Que fallait-il pour cela ?

  • De la transparence : toutes les parties prenantes apportent leur connaissance de la situation initiale.Tou·te·s en comprennent les tenants et les aboutissants, bien que le ressenti puisse ĂȘtre diffĂ©rent :-)
  • Le timing est dĂ©cisif : identifier le plus vite possible les risques et les problĂšmes, et les rendre parfaitement transparents.

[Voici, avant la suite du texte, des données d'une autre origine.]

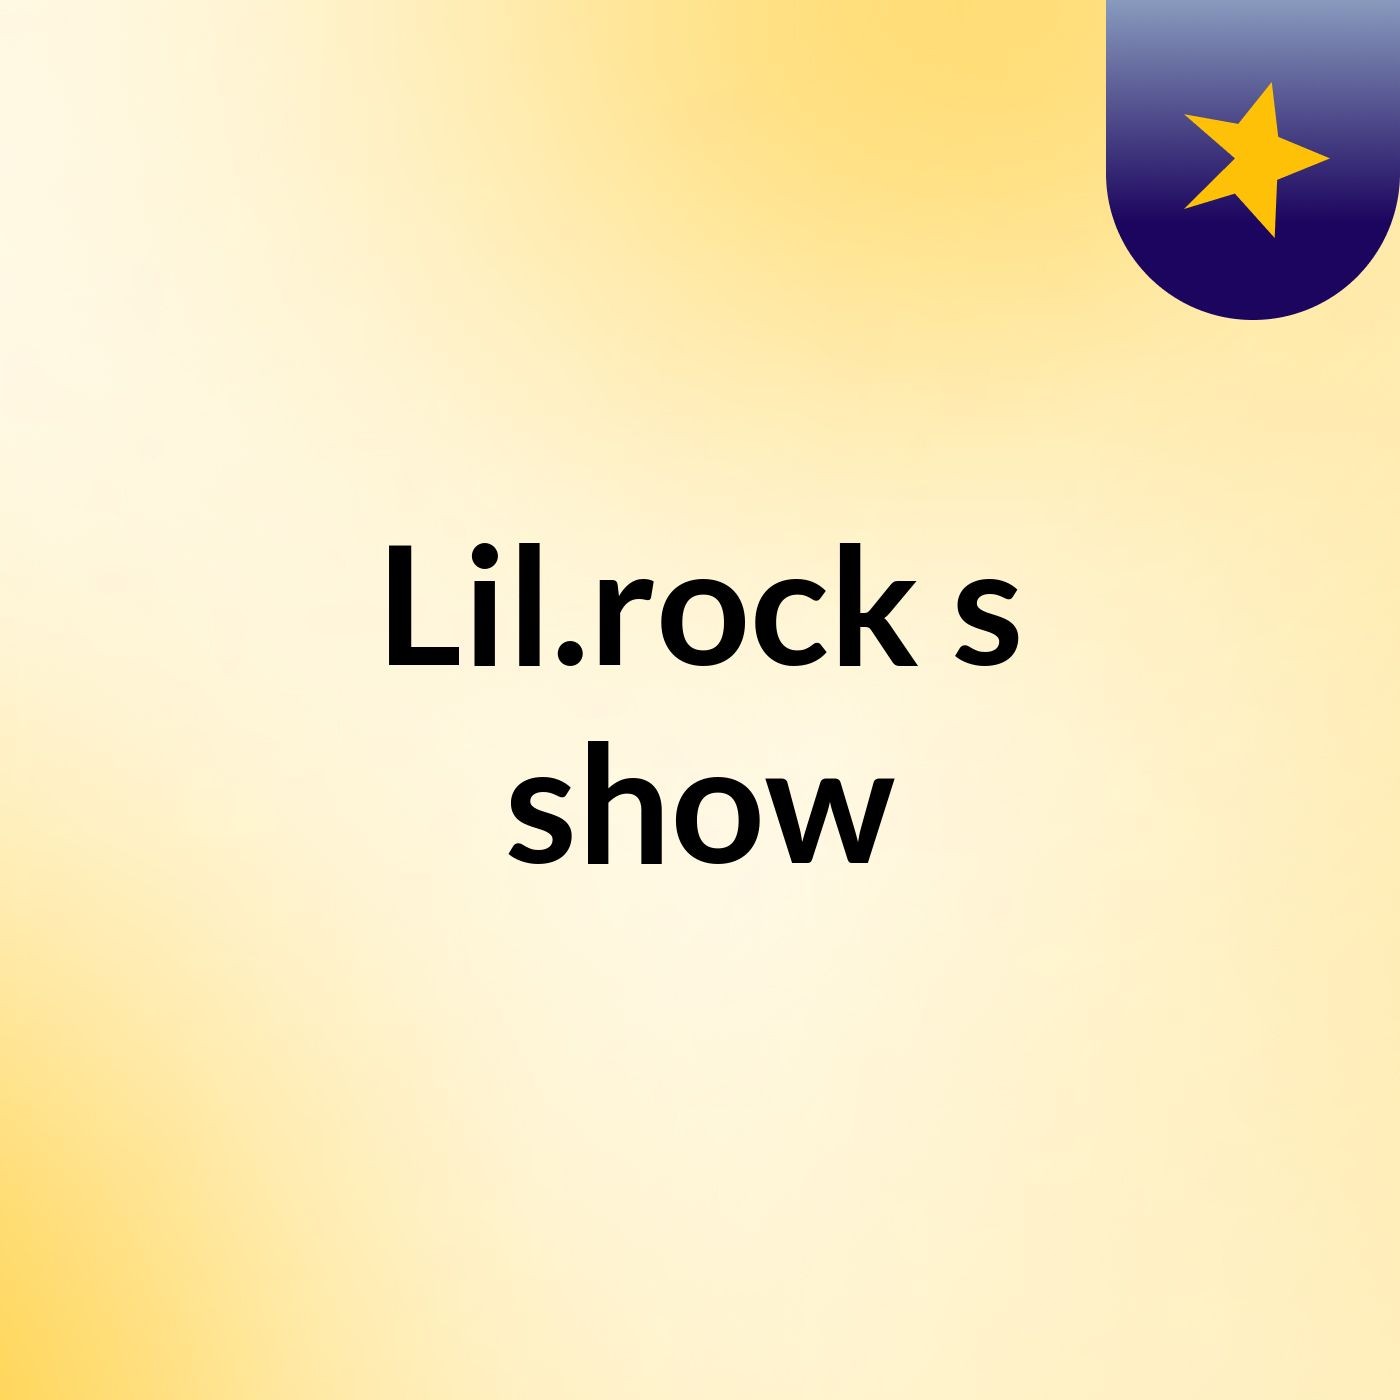 Lil.rock's show

Ce n’est qu’en en prenant rĂ©ellement conscience qu’il est possible d’y remĂ©dier efficacement et de crĂ©er ainsi un feedback loop dynamique.
  • Du courage : pour exploiter pleinement les marges de manƓuvre mĂȘme aprĂšs l’attribution d’un marchĂ© public.
  • De la confiance dans toutes les personnes impliquĂ©es : la confiance mutuelle est nĂ©cessaire pour faire face aux incertitudes.

Il faut également se demander pour chaque fonctionnalité :

  • En a-t-on vraiment besoin ?
  • Peut-elle ĂȘtre remplacĂ©e par des procĂ©dures de travail internes entre les utilisateur∙trice·s ?
  • Existe-t-il un module prĂȘt Ă  l’emploi, comme une solution de chat ?

Et oui, il n’aurait certainement pas Ă©tĂ© possible d’aboutir Ă  « un rĂ©sultat formidable, trĂšs bien combinĂ© avec Hermes 5.1 » sans la bonne dynamique de projet.

C’est ainsi que nous avons fini par accoucher d’un Ă©lĂ©phant. Il n’a pas encore fini de grandir et devra encore acquĂ©rir d’autres capacitĂ©s, mais il apporte un soutien fiable et sĂ»r aux spĂ©cialistes des dĂ©pendances et aux personnes recherchant de l’aide.

Le mastodonte grandit lors de cette premiĂšre mise en Ɠuvre. Bien que sa taille soit minimale, il a au moins le mĂ©rite d’ĂȘtre « nĂ© ». Il poursuivra ensuite constamment son dĂ©veloppement.

P.S. Si l’un des facteurs de rĂ©ussite Ă©tait venu Ă  manquer, voilĂ  ce que cela aurait donnĂ© :

Pas assez de courage

Le produit est complet du point de vue du cahier des charges. Le champ d’application (Scope) est minimal, et sa mise en Ɠuvre n’est pas forcĂ©ment valorisĂ©e.

Pas assez de feedback (pas assez d’agilitĂ©)

Le dĂ©veloppement de l’élĂ©phant a Ă©tĂ© opĂ©rĂ© de maniĂšre itĂ©rative, malheureusement sans coordination de la vision, de l’ensemble. Soit parce que la vision et la mission n’ont dĂšs le dĂ©part pas Ă©tĂ© (correctement) comprises, soit parce qu’elles ont Ă©tĂ© perdues de vue pendant le dĂ©veloppement. Ou alors, les risques ont Ă©tĂ© nĂ©gligĂ©s ou mal rĂ©solus tout au long du projet.